By aluminization, the Al coating is stable and contains Al at about 50 at %. In the interdiffusion zone (IDZ), one region is rich in Co, Ti, and Ni, since they have high mixing enthalpy with Al. As Al just diffuses to the interface during aluminization, the diffusivity of Co, Ti and Ni is promoted. Therefore, the other region, rich in Cr and Fe, is formed followed by the previous region in Figure 6c. However, the Al is continuously diffused and reached a stable concentration with the other elements for a longer time. At the same time, Ti diffused from the matrix into the coating layers and formed the second phase. Its structure and composition need further study. In Figure 5 and Figure 7, the coating layer contains the Al(CoCrFeNiTi) phase and Ti-rich phase. As the alumina forms at the surface at high temperature, the high entropy effect will stabilize the aluminizing layer. By the formation of the coating layer in Figure 6, the reverse reaction can be inferenced. If the dense and continuous alumina were formed at the surface, the IDZ close to the matrix may transform to the matrix phase again at a temperature over 1273 K. At the moment, the concentration of the aluminum is decreased, and the Ti-rich phase will be dissolved again. It is close to the matrix phase of Al_0.2Co_1.5CrFeNi_1.5Ti_0.3.

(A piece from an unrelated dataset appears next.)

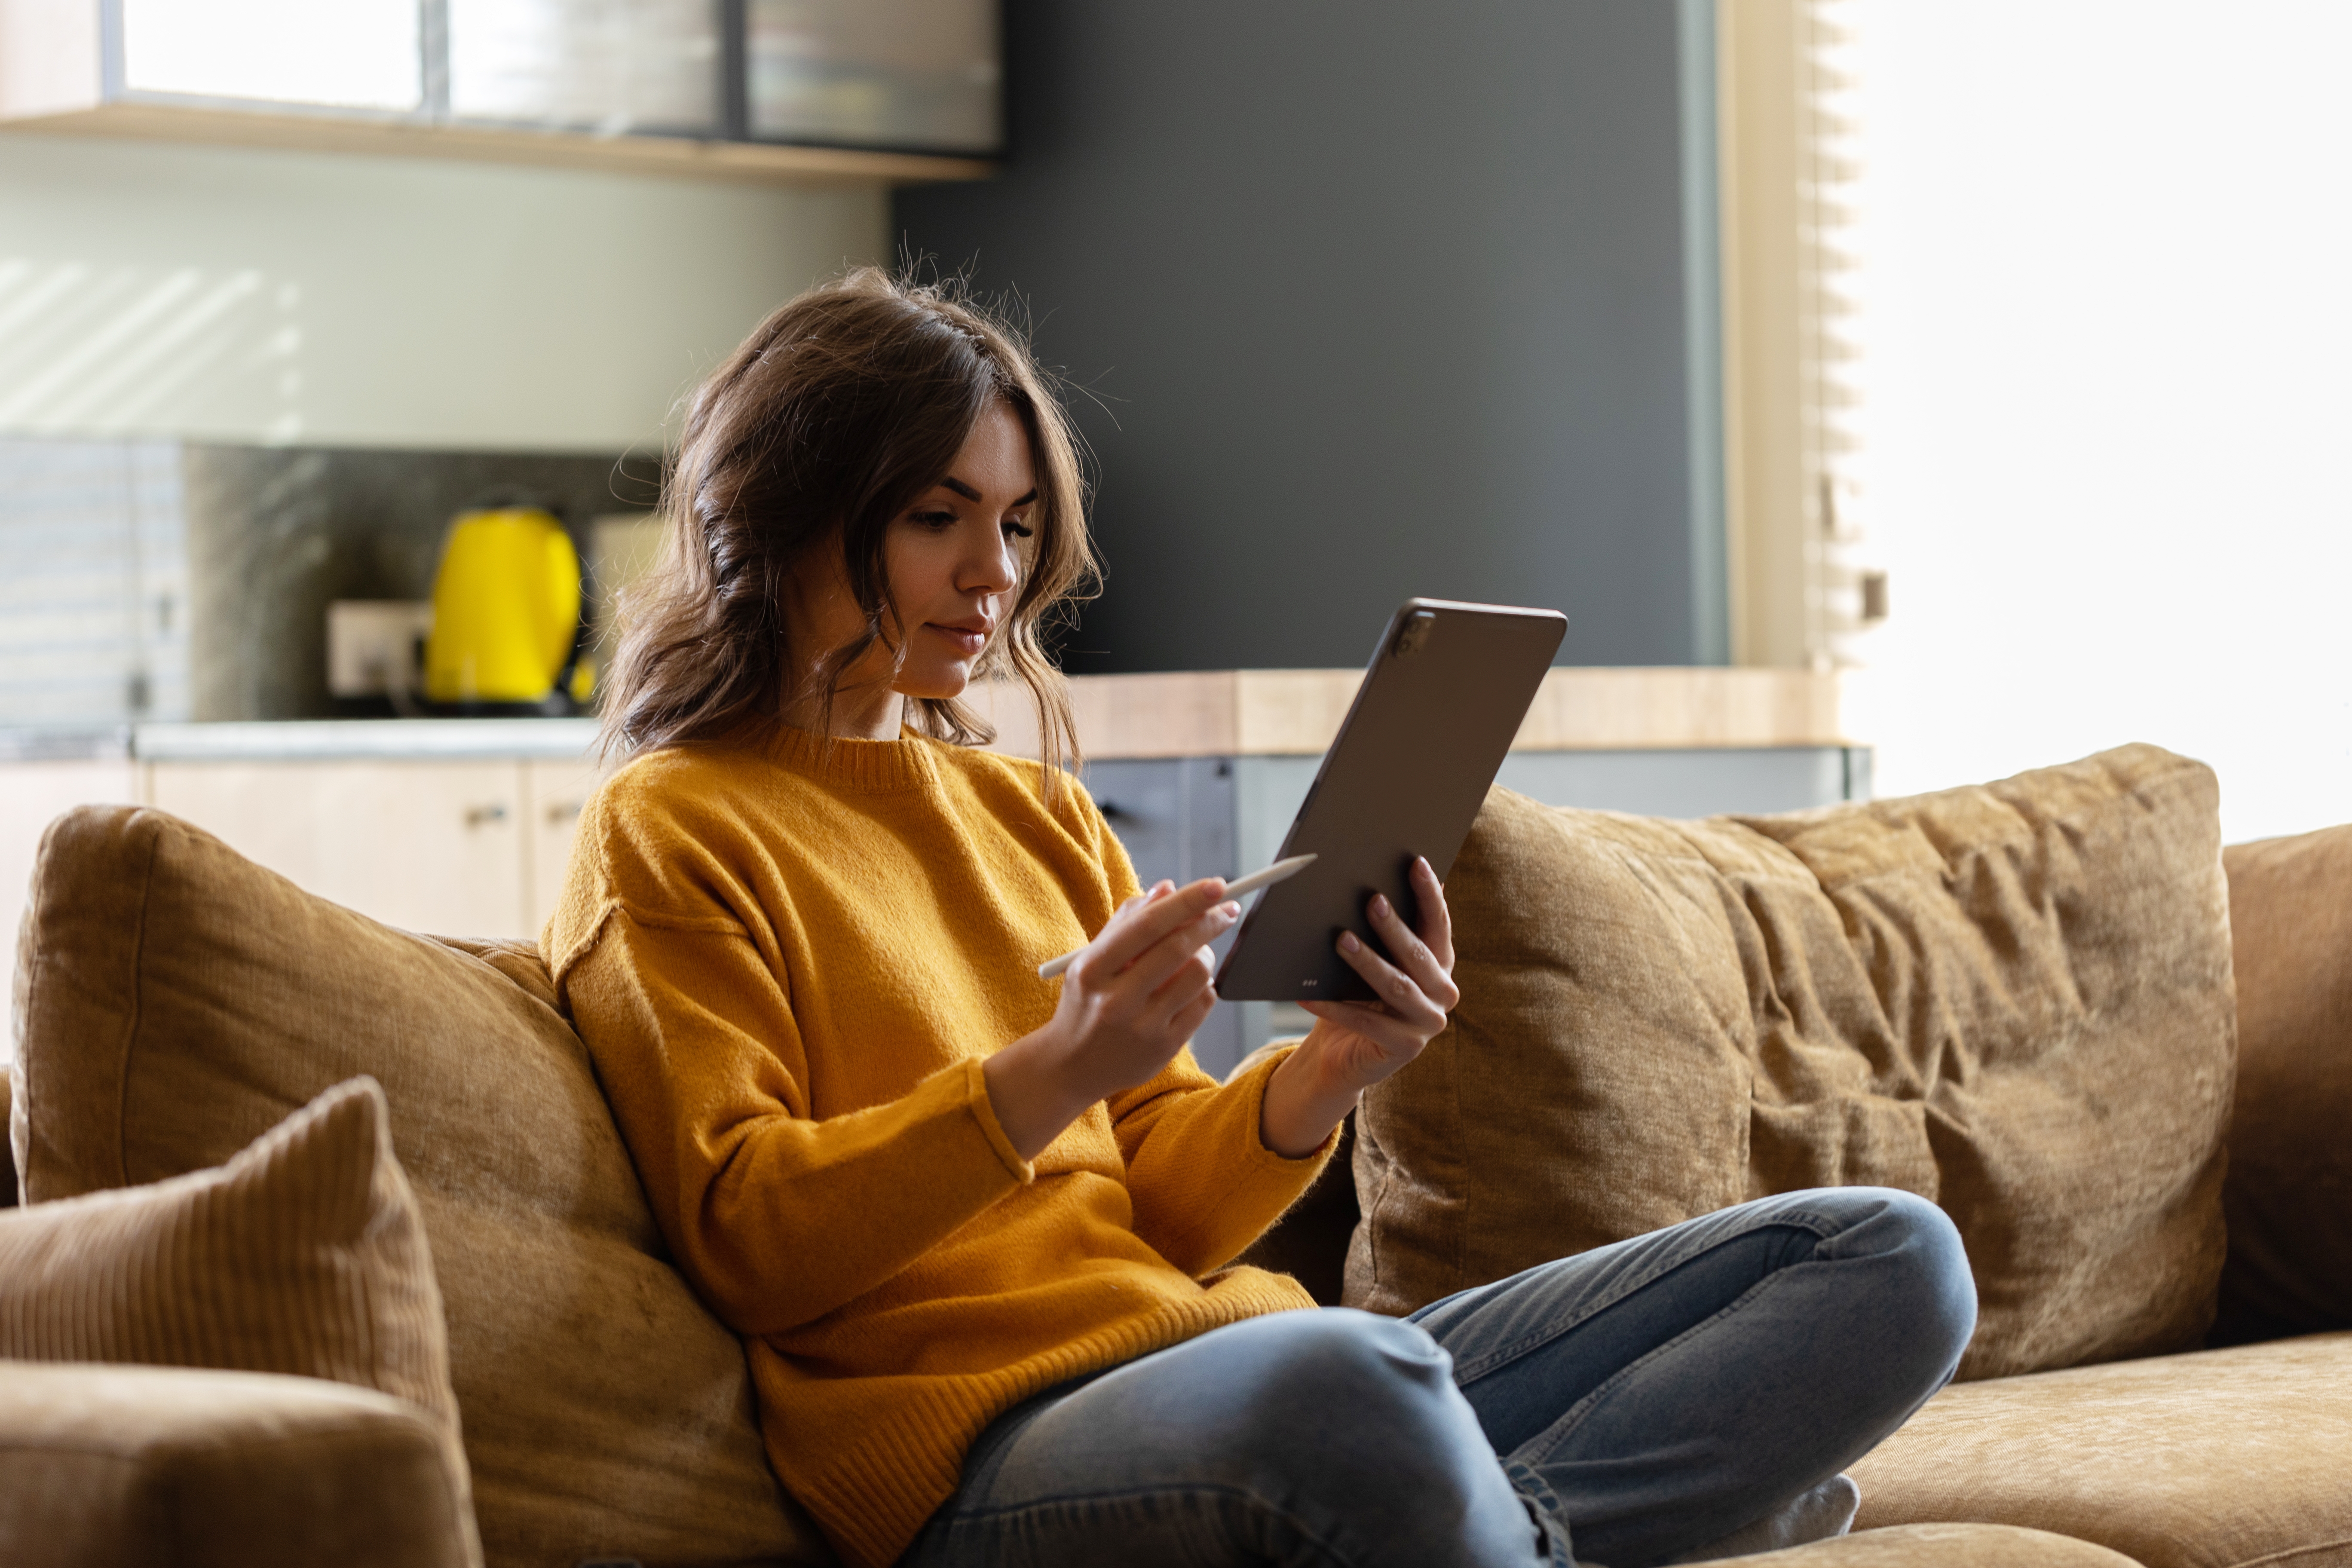 Woman sitting on couch using Apple iPad

Comparing to Figure 1 and Figure 8, the oxidation resistance of aluminizing Al_0.2Co_1.5CrFeNi_1.5Ti_0.3 is improved and can be sustained at 1273 K, lasting for 441 h without spallation. It is believed that the coating is covered with alumina at the surface, and is comparable to the substrate at the interface. However, the curve of the isothermal oxidation at 1373 is slightly unstable, but much better than that of HEAs without aluminization. The microstructures of these aluminizing samples after isothermal testing need further observation. The cyclic oxidation test is also worth studying in the future.

5. Conclusions

Aluminization by packing cementation, which is a popular industrial process, is suitable for FCC solid solution phase Al_0.2Co_1.5CrFeNi_1.5Ti_0.3 HEA. The aluminizing coating layer of 50 μm can be formed at 1273 K for 5 h, and it enhances the oxidation resistance up to 1273 K at least. The phases of the coating layer are Al(CoCrFeNiTi) and a Ti-rich phase. It contributes to the favorable oxidation resistance of the present alloys. Therefore, the alumina is good for surface stability, and the high entropy effect in HEAs further stabilizes the interface between the coating and substrate at high temperature.